Mrs Stevie does not appear in this story, except during a phone call I have edited out of it.
Well, I was (against all expectation) included in yet another meeting with the Linux installers (whom I now suspect to be highly dangerous, if quiet, psychopaths1 instead of peace-loving alternate-tech geeks) and it was all go.
A previous meeting with my boss had prompted me to ask how the whole thing was supposed to work, a move that has now gotten me identified as some sort of tech-terrorist due to the answers to that question.
The Linux bit is basically a couple of towers of high-powered servers connected to unimaginably large data stores. The primary purpose? To provide connectivity between people all over New York with the central mainframe computer (something we used to do with a few hundred Unix SVr4 computers and a few dozen hundred green screen dumb terminals). The Two Towers are essentially a load balanced fault tolerant auto failover solution. That means that of the x000 people working on "the computer" x/2 000 of them will be going courtesy of software running in one or other of the towers2, and that in the event of a problem, some of them will be swapped automagically into the other tower until the broken veeblefetzer gets fixed. It's all very modern and ann goode thinge.

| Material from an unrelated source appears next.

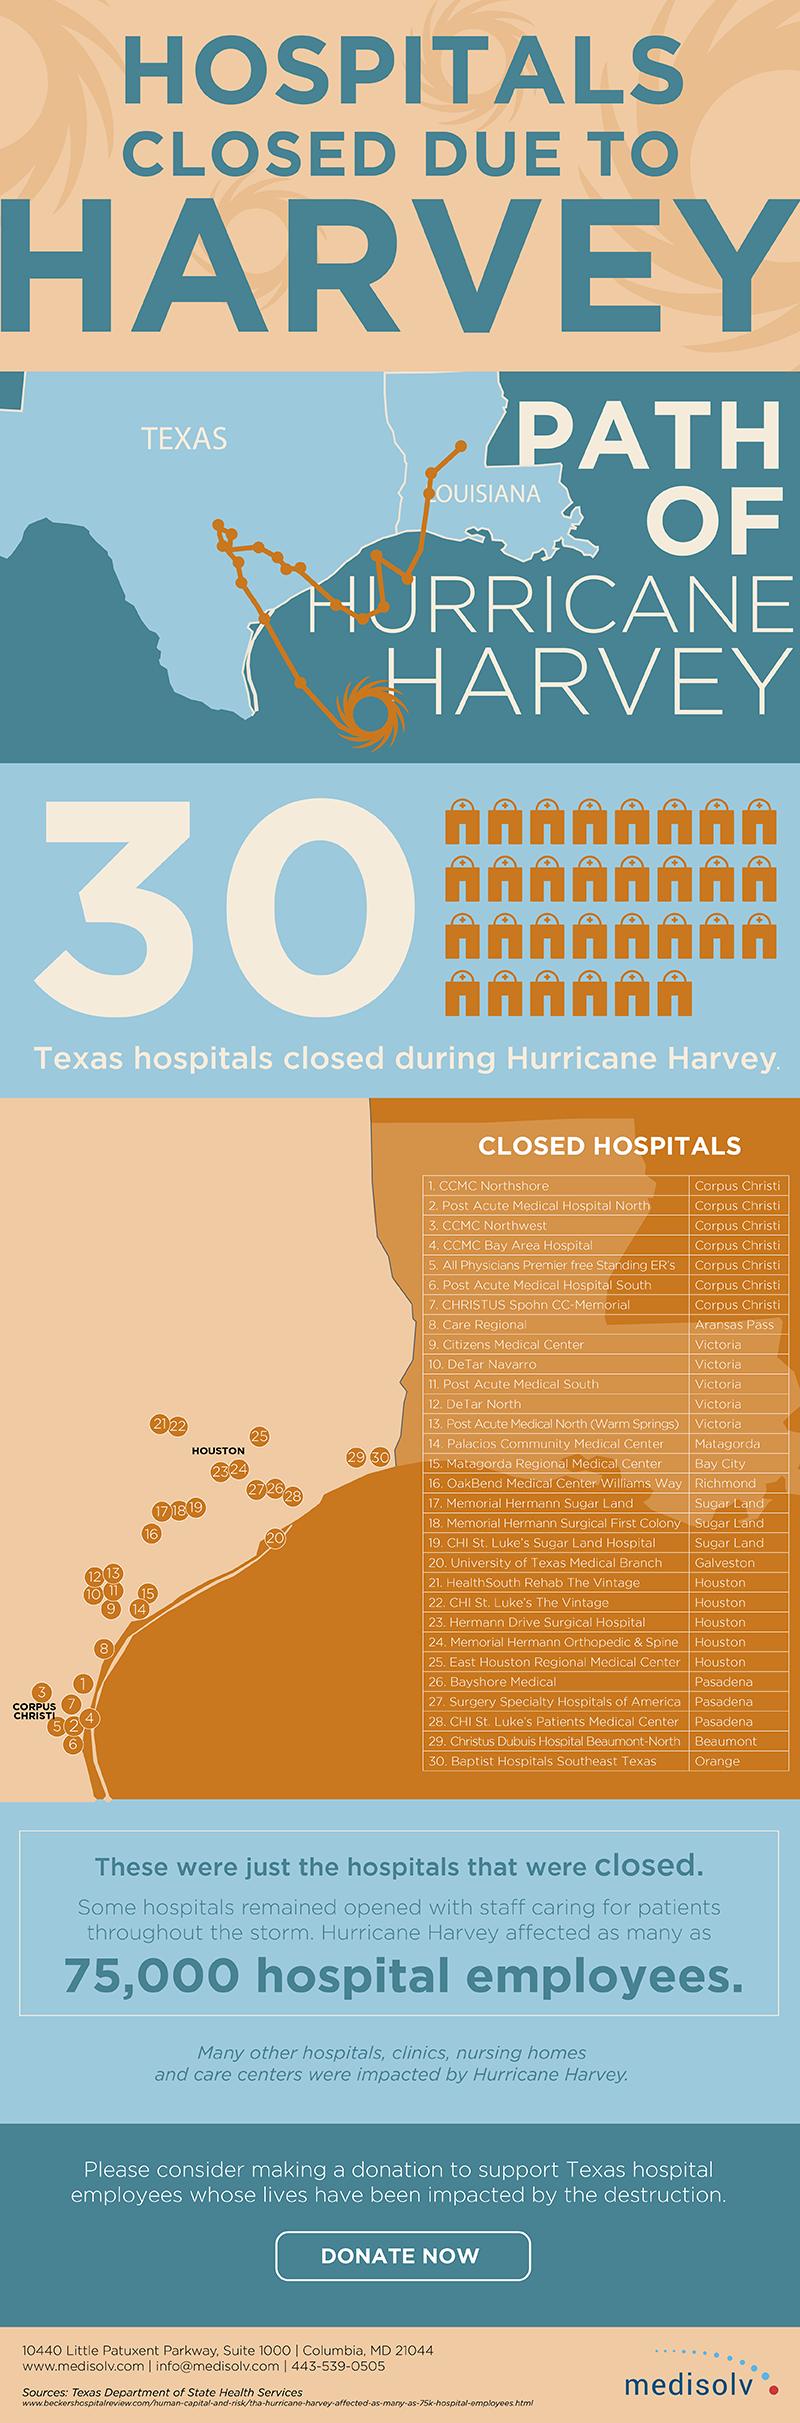 hurricane-harvey-hospitals-closed-01.png

The thing is, that the boss thought (due to being told that this was the case by a Linux installer) that this process would be "seamless".
It won't be for anyone wanting to do more than run a console application in one of the servers because the mediating terminal emulator software will take a stop and need to restart in its new digs. This will take about 4 - 10 minutes, the cost of booting a virtual Linux computer. Then comes the good bit
The connection to the mainframe computer requires certain addresses and session information be kept otherwise each attempt to talk to it would ask the comms manager at the mainframe for new connections every time (kinda like needing a cookie for those born after the web, or like needing a return address on a letter for those still denying computers exsist). To avoid this we keep the session identification credentials in a file and check for an existing open connection there (the mainframe comms manager cannot be queried for this data without opening yet another connection, and the total number of connections it can have is very large - about 50 times x000 - but finite and easily used up by poor programming practice). If we find a set of creds for the process, we use that connection.
After a move to the Tower Next Door, a process will not be able to do that, even if we replicate the credentials, because the Process ID is part of the data required and that changes when we move.
"No problem, we'll just open new connections" you say and you are spot on.
Unfortunately, the connections that are open can only be closed by timing out (about 5 - 10 minutes or so) or by being closed by a script.
"The script then!" you triumphantly howl, and that is how we do the job right now in our Pre-Linux lash-up.
Only thing is, if a server takes a stop, its IP address isn't available any more due to automagic. The mainframe connections can only be explicitly dropped from the same IP address they were opened with.
"Simple!" you indignantly yell. "Map the virtual IP addresses used by the fault toleration gubbins instead of the hard IP address of the server!"
A good plan. So far a room full of Unixgeex and Linux Quiet Psychopaths has failed to manage this feat. Not surprising since the application software was authored on papyrus.
1: The Linux world is apparently populated not, as I had been led to believe, by earnest yet gentle techies but by reputedly violently no-doubt deranged allegedly homicidal possibly mad persons as detailed here
2: Upon being asked what we should call the cabinets, my suggestion of "Minas Morgul" and "Minas Tirith" was duly, and dully, rejected. Phillistines! The computing world does not need another "Calvin and Hobbes" or "Nixon and Agnew", and despite the feelings of just about everyone else in the IT world these "jokes" do indeed get old.